• Confessions of a Community College Dean

    In which a veteran of cultural studies seminars in the 1990s moves into academic administration and finds himself a married suburban father of two. Foucault, plus lawn care.

Title

Lessons From a YouTube Rat Hole

It's all about context.

October 26, 2020
 
 

In March, before we realized just what we were up against, we assumed that when The Boy came home for the summer, we’d need a third car. I commute with my car and TW commutes with hers, so for him to have a job, he’d need a car, too. (Public transportation wasn’t really an option here even before the pandemic.) As a good academic, of course, I had to do my due diligence, which involved starting with Consumer Reports and eventually discovering a world of car review videos on YouTube. We wound up neither needing nor buying a third car -- when I worked from home and he needed to get somewhere, he drove mine -- but I fell into a rat hole of the world of car review videos. And in doing that, I found something potentially useful.

As a genre, car review videos have the same conventions and star system as any genre. Scotty Kilmer is probably the most well-known; he’s an opinionated mechanic who tries to guide his viewers away from what he calls “endless money pits.” Regular Car Reviews offer the rhapsodic musings of a former English teacher. John Cadogan plays up the “angry Aussie” role. Many of the videos are British, which I notice when they get in the car and the steering wheel is on the wrong side. I’ve also discovered that I’m better at spotting Canadian accents than I had suspected, which is probably a side effect of growing up near Rochester.

But there are consistent patterns. The overwhelming majority of review videos are made by white men, usually alone. They study the car as an isolated object, then compare it to what they consider similar cars. There’s usually mention of the number of pound-feet of torque, cubic inches of cargo space and the like. (As a tallish person, and the father of a very tall person, I have to register a complaint that they rarely discuss headroom. If the roof is too short, I don’t care about the engine. Mazda, I’m looking at youuu…) Frequently there’s an element of trash talking, aimed either at specific companies or at other reviewers. Anyone familiar with sports talk radio, or contemporary politics, will recognize the style immediately.

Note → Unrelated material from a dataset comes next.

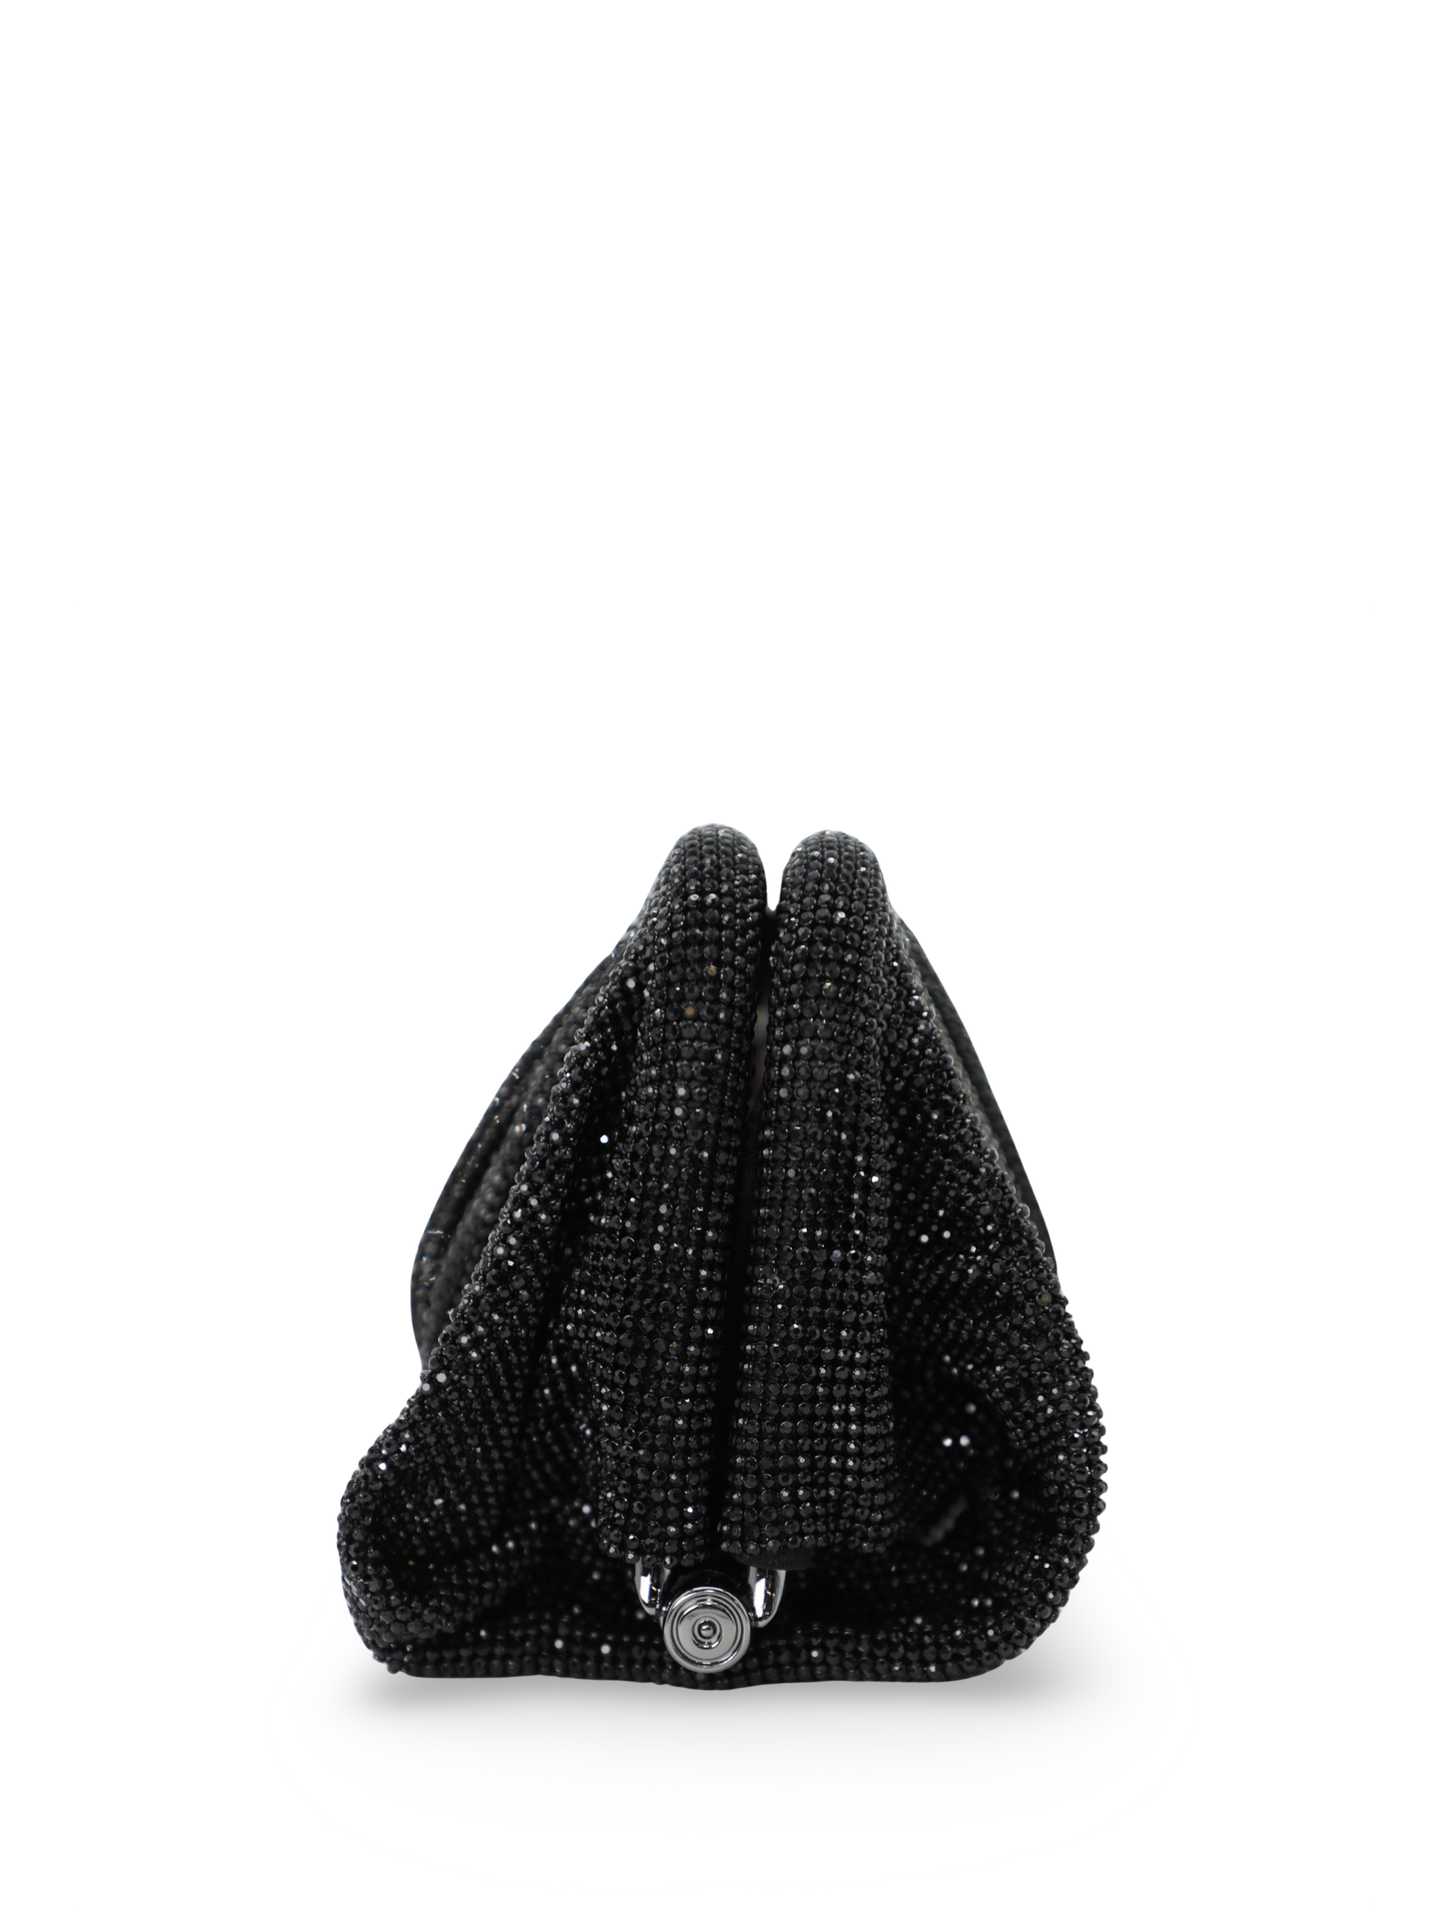 Benedetta Bruzziches Venus La Grande Clutch Bag in Black/Crystal

This weekend, though, I saw one by Laura Goellner about her Nissan Leaf. The Leaf is an electric hatchback, and at the time she made the video, she had owned hers for two years.

It was unusual in several ways. First, it was done by a woman. Second, she actually owned the car she was reviewing and had owned it and driven it for years. Third, she discussed the actual use of the car in real-world conditions.

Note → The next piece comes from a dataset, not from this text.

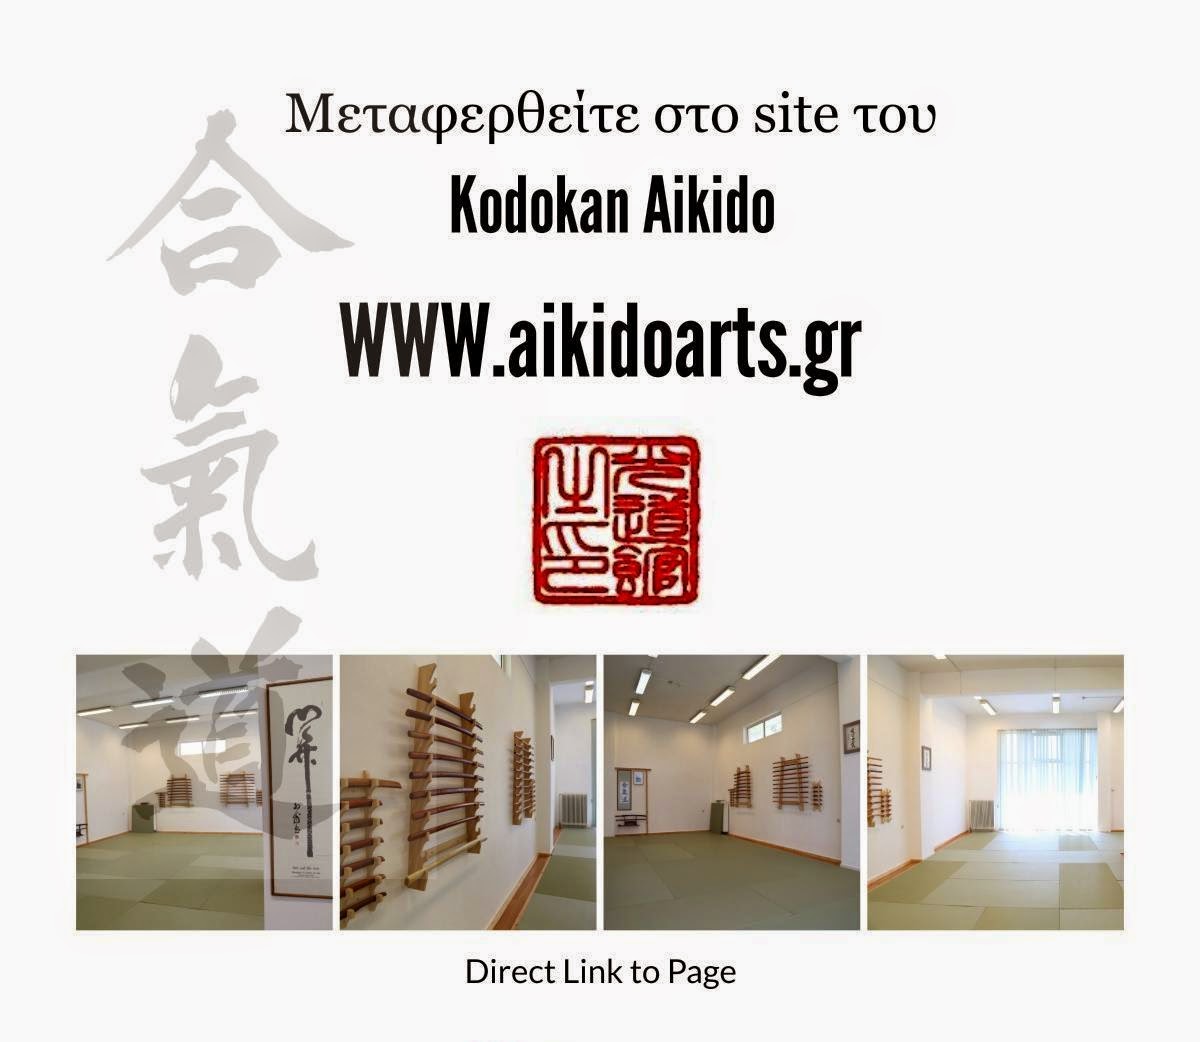  Kodokan Aikido Webpage

But the real breakthrough was that she positioned the car within the ecosystem of a household. She noted that the Leaf has about a 100-mile range on a charge. As she put it, one electric car can make sense in a two-car family because you still have the other car for long trips. So she commutes with her Leaf, but when she needs to go some serious distance, she switches cars with her husband for the day and drives his gasoline-powered car. That way she can fill up when she needs to and not be trapped by the Leaf’s range. Given how long it takes to recharge an electric car, and the paucity of rapid charging stations, that’s a real issue.

The guys rarely make points like that. But points like that matter. They’re about the car, but they’re also about the context in which the car gets used. How does it fit the context? A car that might make perfect sense in a two-car household might not make sense in a one-car household. (Or, cars that make sense if you have access to electric outlets might not make sense if you park outside in a parking lot or on the street.) Lists of “10 best cars” can’t capture that, because they’re abstracted from the different contexts in which cars are used.

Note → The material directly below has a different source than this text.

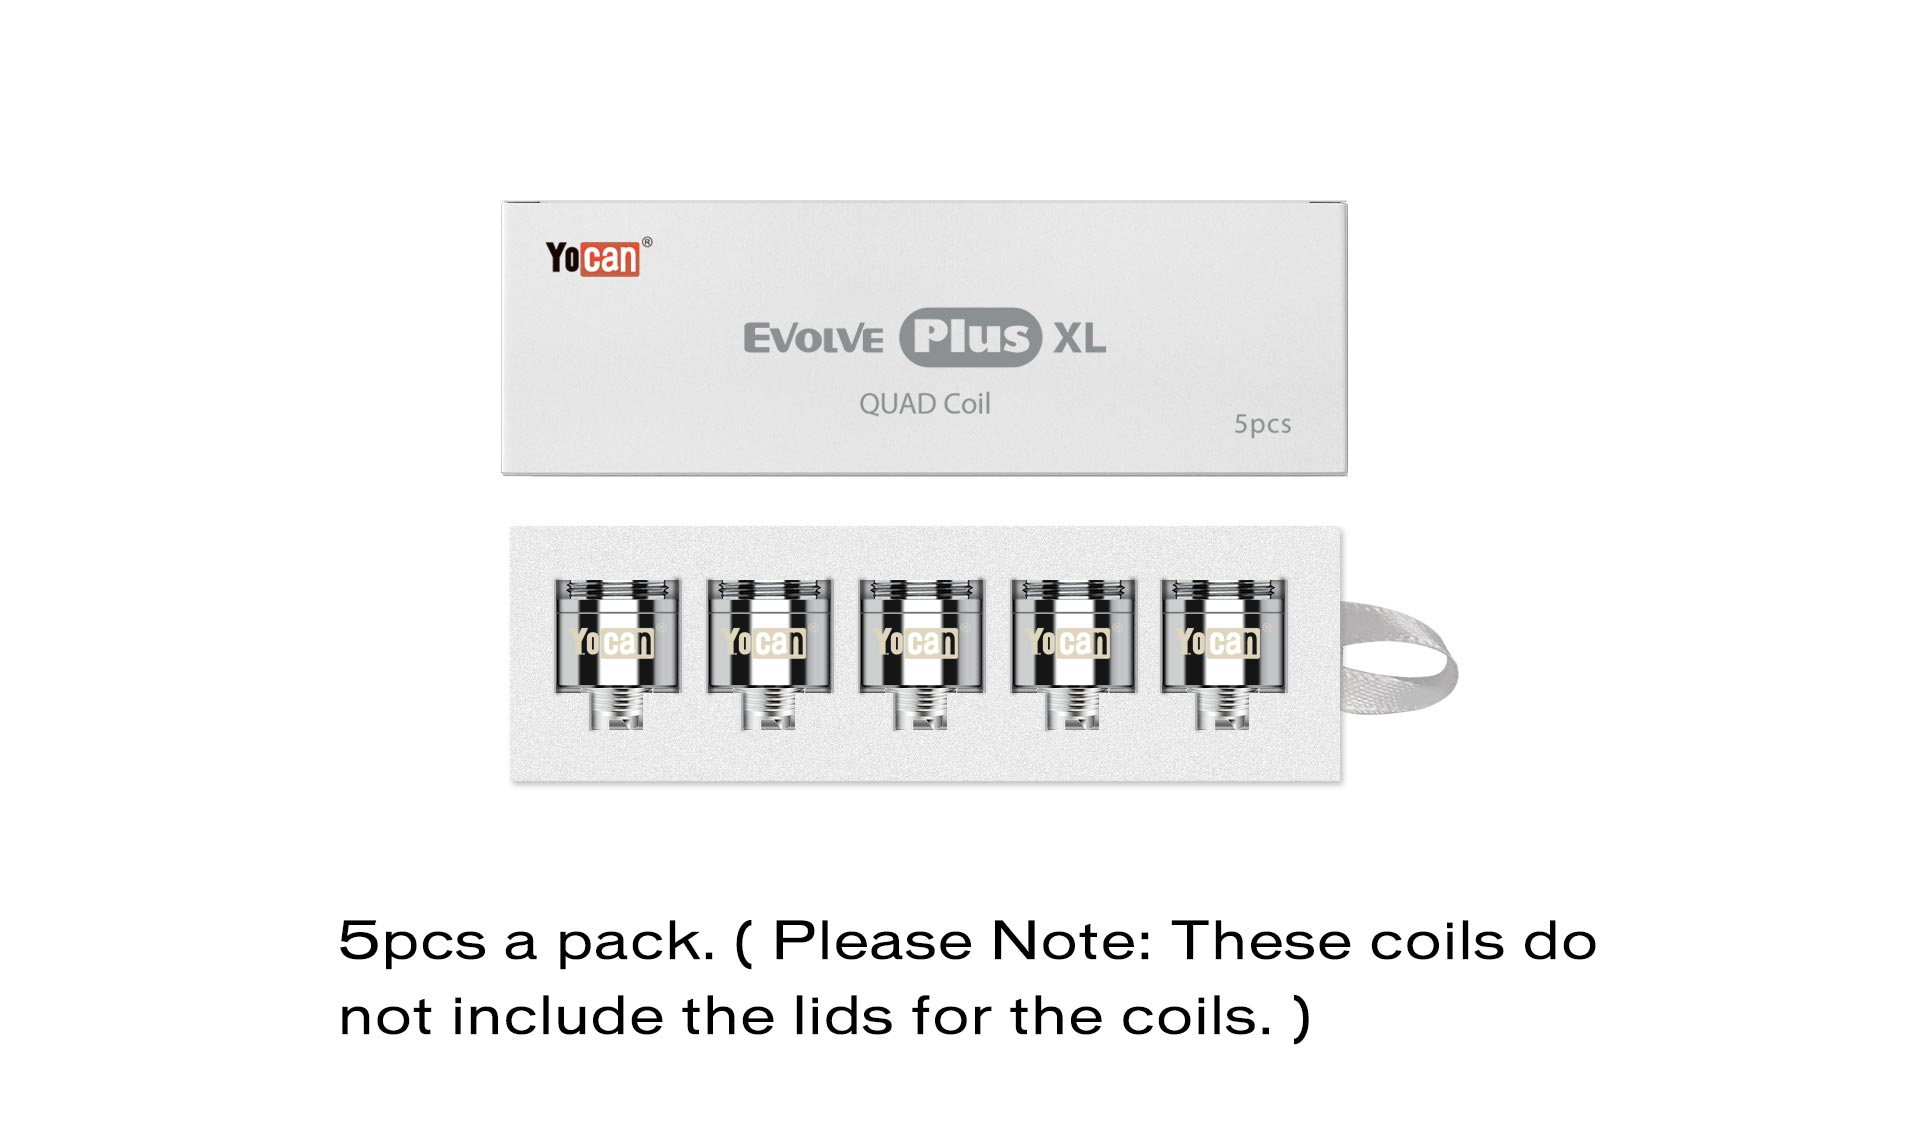 Yocan Evolve Plus XL Quad coil - 5 pcs - 2020 version package box

Obviously, Goellner’s point isn’t unique to cars. This is where discussions of colleges often fall flat. We love to rank colleges and to use the same data across the board to compare them. And some of that data have value. But in public discussion, we don’t look closely enough at where college fits into people’s lives. We tend to assume “the college experience” for upper-middle-class 18-year-olds, and job training for everyone else. Those both exist, but they’re far from the entire picture. College can be an escape from a difficult home, or even from homelessness. It can be episodic, rather than continuous. (When you understand that, you start to look at “attrition” rates more skeptically.) It can be a chance to surround yourself with a different culture than where you grew up, or to escape a culture in which you grew up. It can be where you become what you want to be when you grow up, or where you try to discover what you want to be when you grow up. It can be a place for grown-ups to hit the reset button on careers and even personal lives. In other words, it’s about people’s lives.

That’s why the #RealCollege movement is so crucial, and why we, as educators, need to push back on narratives that reduce college to any one thing.

Not every driver has the same needs. Neither does every student. It’s a point so obvious that we often forget to make it. We shouldn’t.